Thank you for your generosity and mentoring!

Hey Aaron,

Happy to help! I’ve been planning to create a streaming GeoJSON reader for a while, your question came at the right moment. I’d like to change a few things to my notebook, and display the features on a map instead of in a table. I’ll try to find time to do that sometime this week.

1 Like

Hi again, Bert, and thank you for all the time and guidance!

On the first example of your notebook, you were using a different data source and didn’t yet have the table chart loaded in. The result was a ‘counting updater’:

In your new update, that data cell no longer does this auto counting in the same way (and has fewer array values):

If you’re quick enough on page load, you can see that the array value now stays ‘pending’ until all 14 arrays load in. Is that possibly because the your table cell now relies on it?

Please forgive me, but I am too inexperienced yet to appreciate many of the intricacies here, so I’d also like raise a novice / uninformed question:

Is it needed to use an external library to achieve streaming fetch?

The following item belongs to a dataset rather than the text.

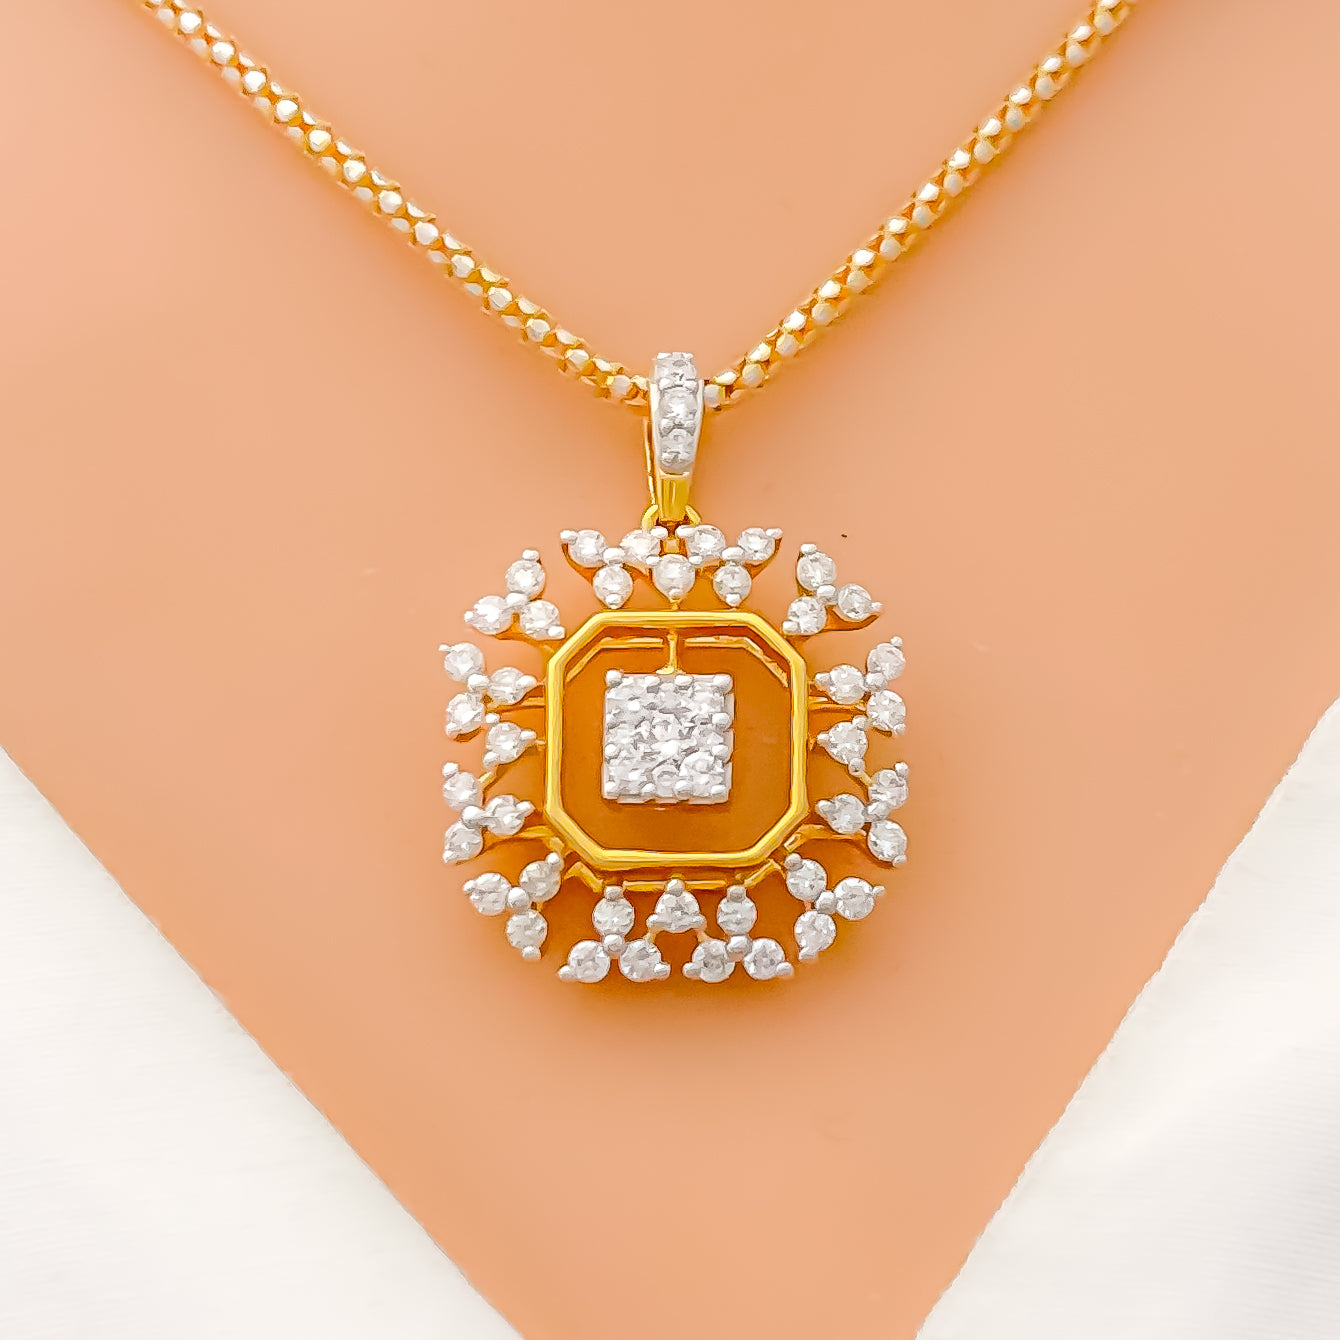 Buy Classic Diamond Necklace, 2 Cts Round Brilliant Cut Diamond Simulant  Pendant, Unique Square Halo Design, White Gold Plated Sterling Silver  Online in India - Etsy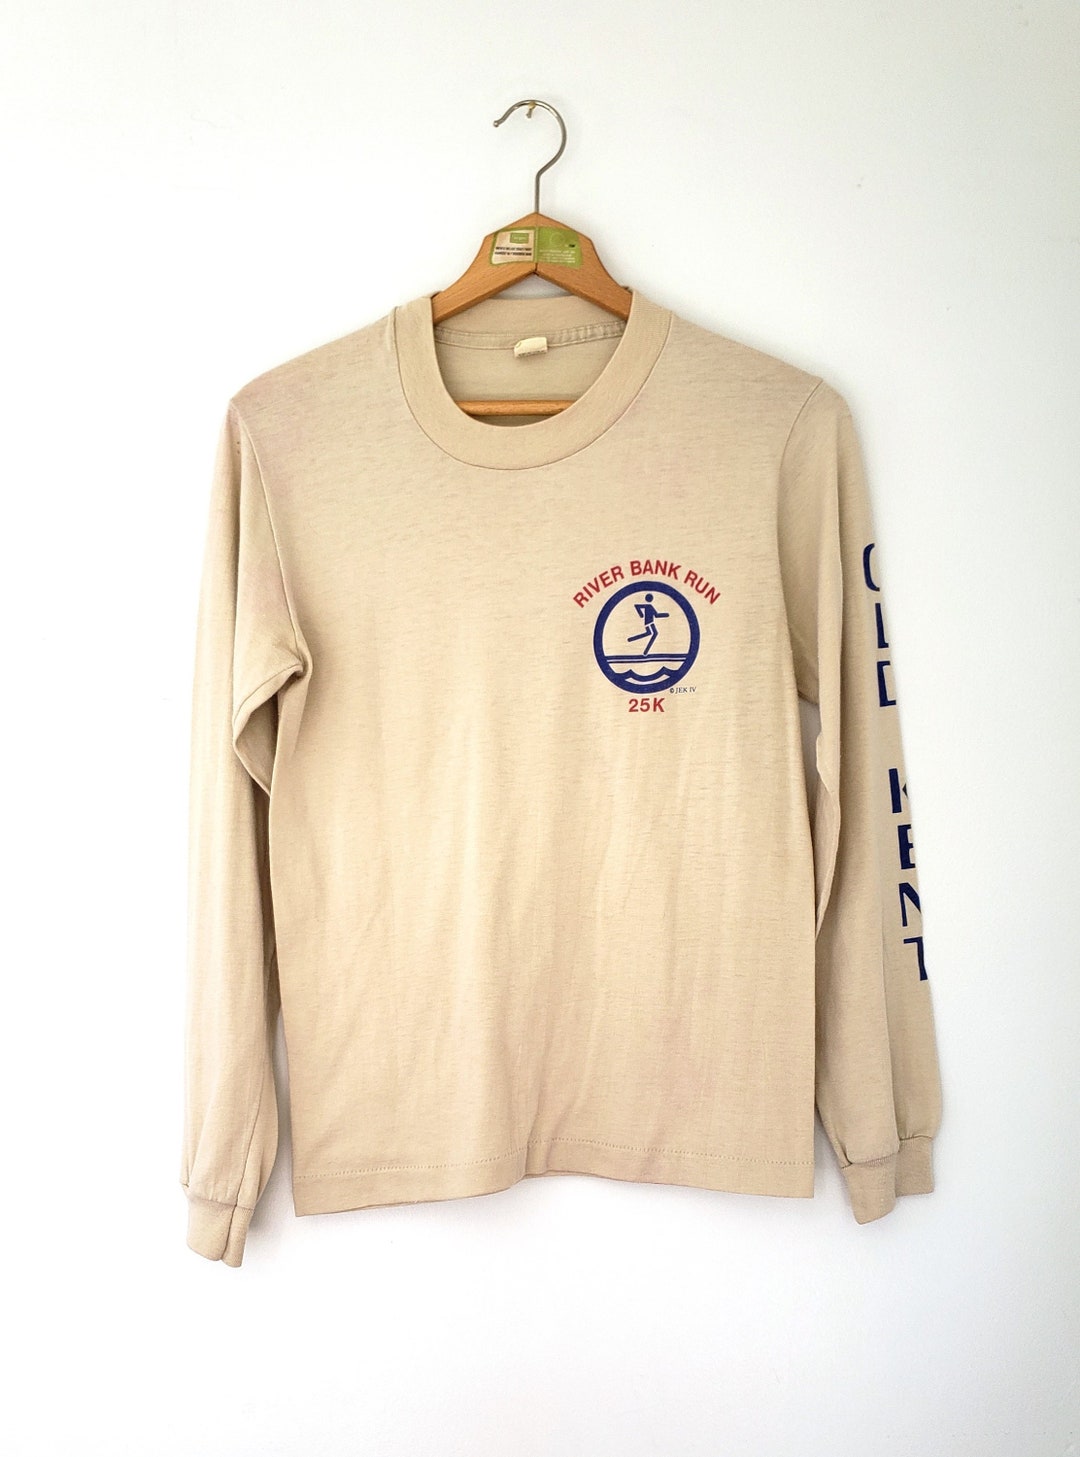 Vintage 80s 25K Riverbank Run Long Sleeve Tshirt - Etsy

Looking at the consuming fetch as a stream example, it shouldn’t be. When I try to plug their example into a notebook with a JSON file attachment, I get this:

… However I can’t seem to ‘access’ this stream in the sense of being able to make it load in a piece at a time… such as when trying to render the stream as data into Mike’s GeoJSON Viewer

Since the file is so large, it’s be fun to see the areas slowly built into the bowers, like with the Streaming Shapefiles notebook. Or in a table, like in yours!